Conventional wisdom says that upper-end homes perform best in any property market, but lately that’s not true.
Prices fell in the top quarter of Melbourne’s property market over the three months to January, but rose slightly in the lower quarter of the market, according to CoreLogic data.
The upper quartile – properties about $1.36 million and up – had been leading the upswing last year but then slowed, recording a price fall of 1.6 per cent over the three months to the end of January.
It was outperformed by the lower quartile – properties about $737,000 and below – which edged up 0.1 per cent over the past three months, and the middle of the market, which fell only 0.2 per cent.
The weakness may be temporary, however. Auction clearance rates have been surprisingly strong in early 2024. The Melbourne clearance rate was 62.7 per cent in the first week of February, 63.3 per cent in the second, and 66 per cent in the third. A rate above 60 per cent is usually associated with future price gains.
CoreLogic research director Tim Lawless said it was common for the upper end of the property market to lead in both upswings and downturns, as it was prone to more extreme movements in price.
“I think there’s a few factors at play and one is simply the cyclicality of the market,” he said. “It was the upper quartile leading the market [in the upswing].”
The most recent price falls were a result of high Reserve Bank interest rates, Lawless said, which cut borrowing capacity.
“There’s been a reduction in borrowing capacity and there’s already affordability hurdles, so it’s deflecting some of that demand into the middle of the market or the lower quartile,” he said.
Agents that often sell in the upper price bracket said it was weaker towards the end of 2023, but were confident that an unusually early burst of buyer activity and positive sentiment would turn figures around soon.
Rita-Marie Hopfner says she wasn’t worried about trying to catch the market at the perfect moment. CREDIT:PENNY STEPHENS
“There were a lot of fence-sitting people who were watching and waiting,” Biggin and Scott Port Melbourne listing agent Fraser Lack said.
“With all the positive media over the past two to three months regarding the potential reduction in interest rates” many buyers were predicting cuts, he explained, and reasoning that “the time to buy is now, ‘because I’m paying less than I would be come September’. Buyers are creating a sense of urgency and momentum earlier than we expected.”
Lack will soon list Rita-Marie Hopfner’s home on Beach Street in Port Melbourne. Hopfner said the movements of the market were of little concern to her.
“I believe people are out there looking for quality homes,” she said. “Irrespective of what the market is saying, if you’re confident to put your house out there, you’ll be able to find someone to buy your home. Why put your life on hold?”
Hopfner’s house fits the bill of what agents say buyers are searching for: a renovated, large family home in a good location.
“We’re moving to the country, so I was going to sell regardless of what the market was doing,” she said.
Jellis Craig Northcote partner Nigel Harry said price reductions in the top 25 per cent of the market could be short-lived.
“All the properties north of $1.3 million that I’ve been involved with have been competitive,” he said. “There’s a delay reflected in the data. It speaks to the difference between the macro and the micro level. Buyers see light at the end of the tunnel, we’re not anticipating five to six more rises.”
Lawless said strong clearance rates could indicate conditions were improving. “Given the strength in the auction market, we could see the upper end of the market level out earlier,” he said.
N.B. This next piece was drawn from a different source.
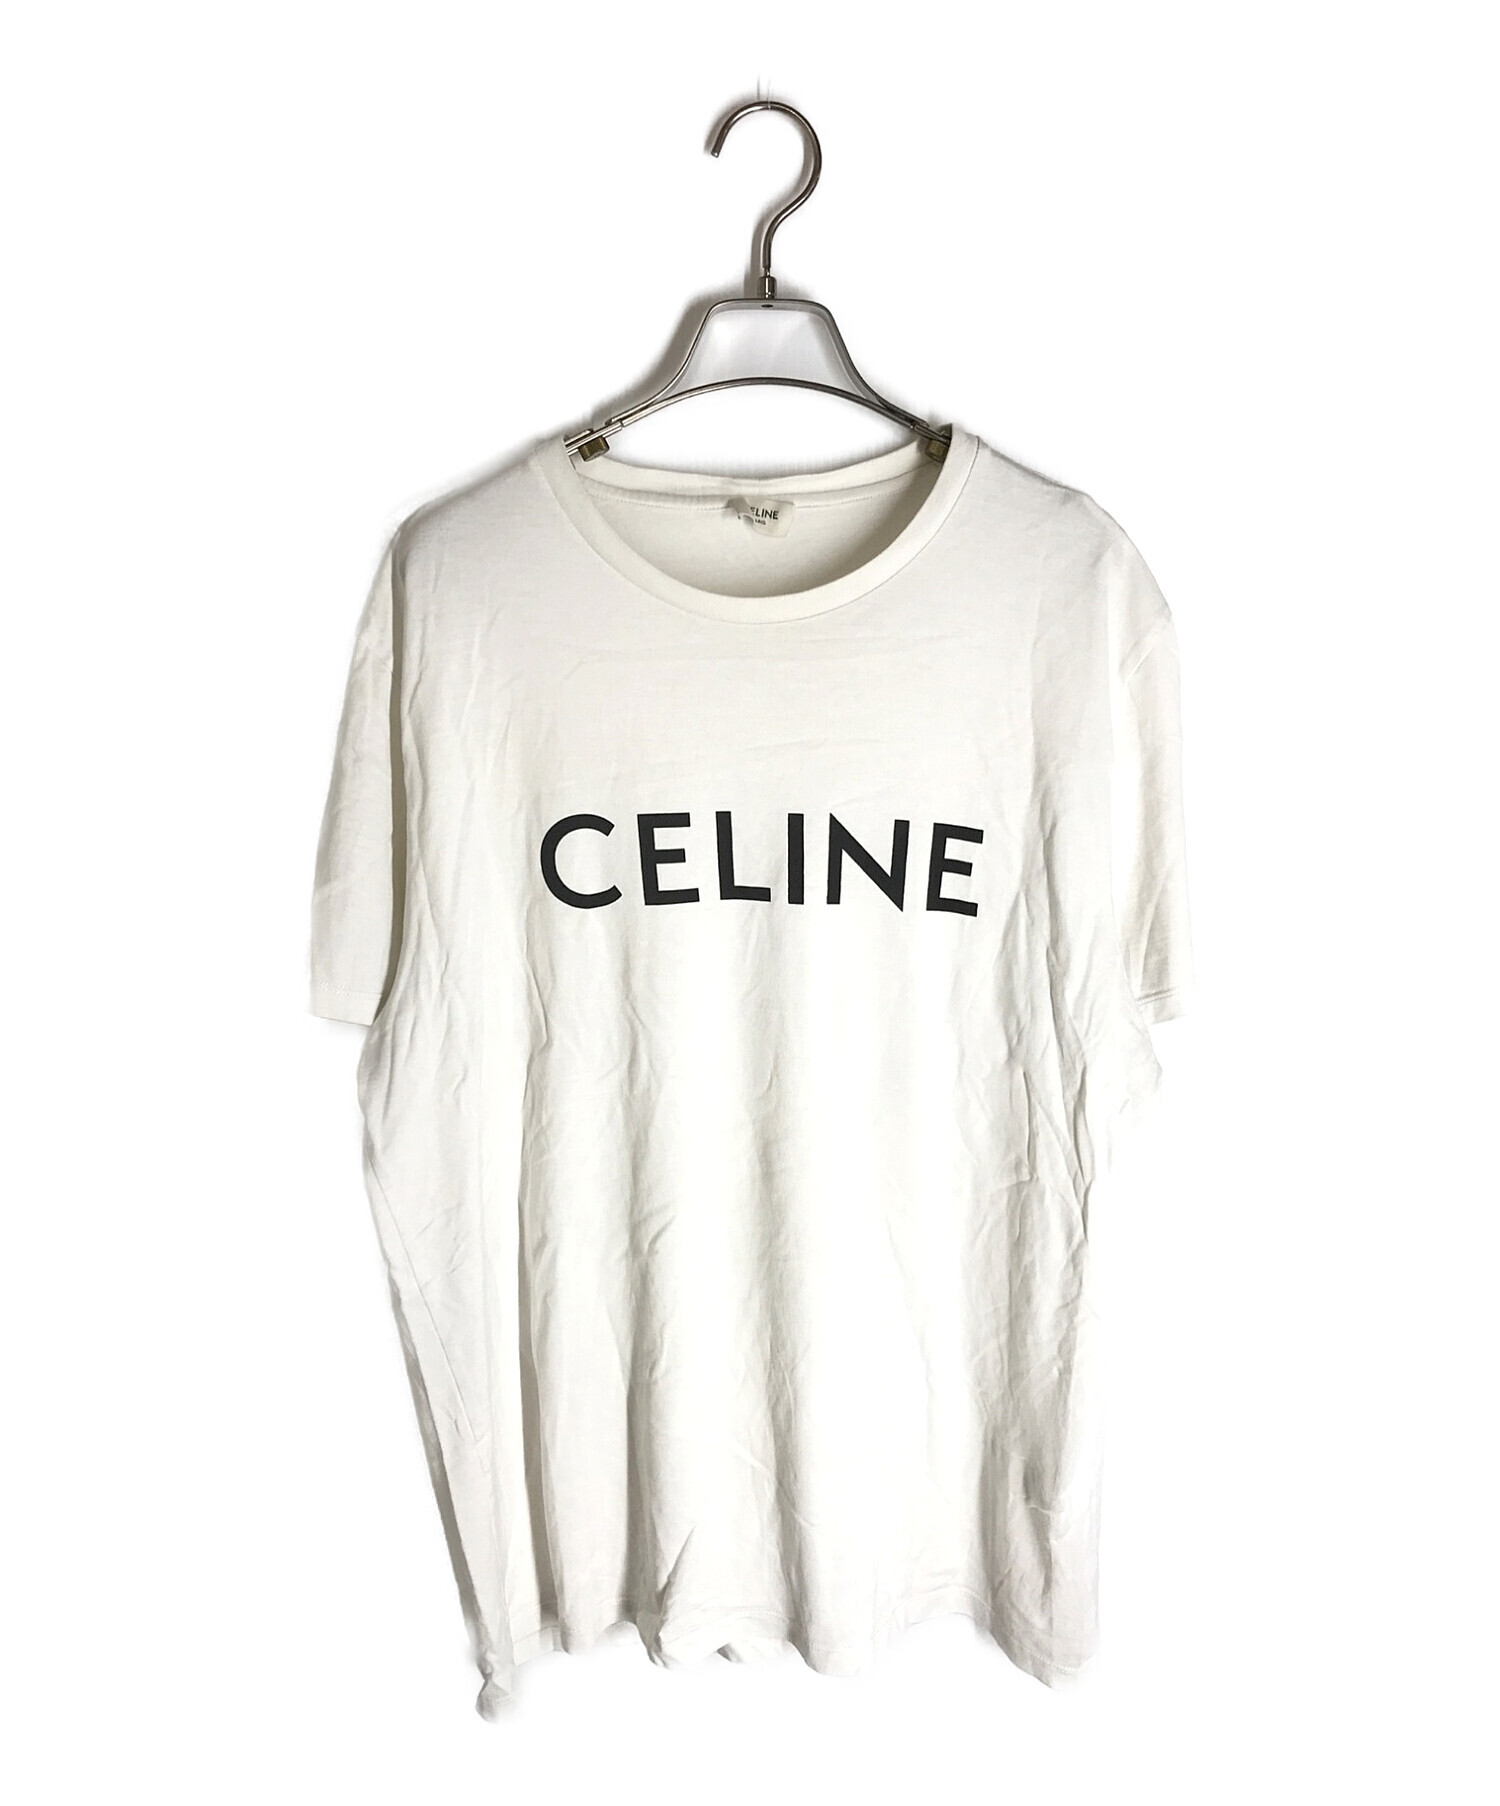 CELINE セリーヌ ロゴTシャツ ホワイト サイズM

“As we see consumer sentiment improve … then we normally see housing activity follow that. Any improvement in consumer spirits will result in a lift in buyer activity.
“There’s still a lot of hurdles out there. You still have affordability, borrowing capacity is lower, rates still aren’t coming down, but with those tempering comments in mind, I wouldn’t be surprised if alongside this lift in sentiment we would see some subtle growth returning to the marketplace.”
Commonwealth Bank’s head of Australian economics, Gareth Aird, felt it was too early to draw much from the rising clearance rate, and expects growth to moderate due to already high prices, constrained borrowing power, and an increase in homes for sale.
“All conventional metrics of affordability have deteriorated, so you get to the point where it’s hard for home prices to keep pushing higher at the rates that they have been,” Aird said.
But if the Reserve Bank starts to cut rates from September, as Aird expects, that would boost borrowing capacity and prices. He has forecast Melbourne prices to end the year 5 per cent higher.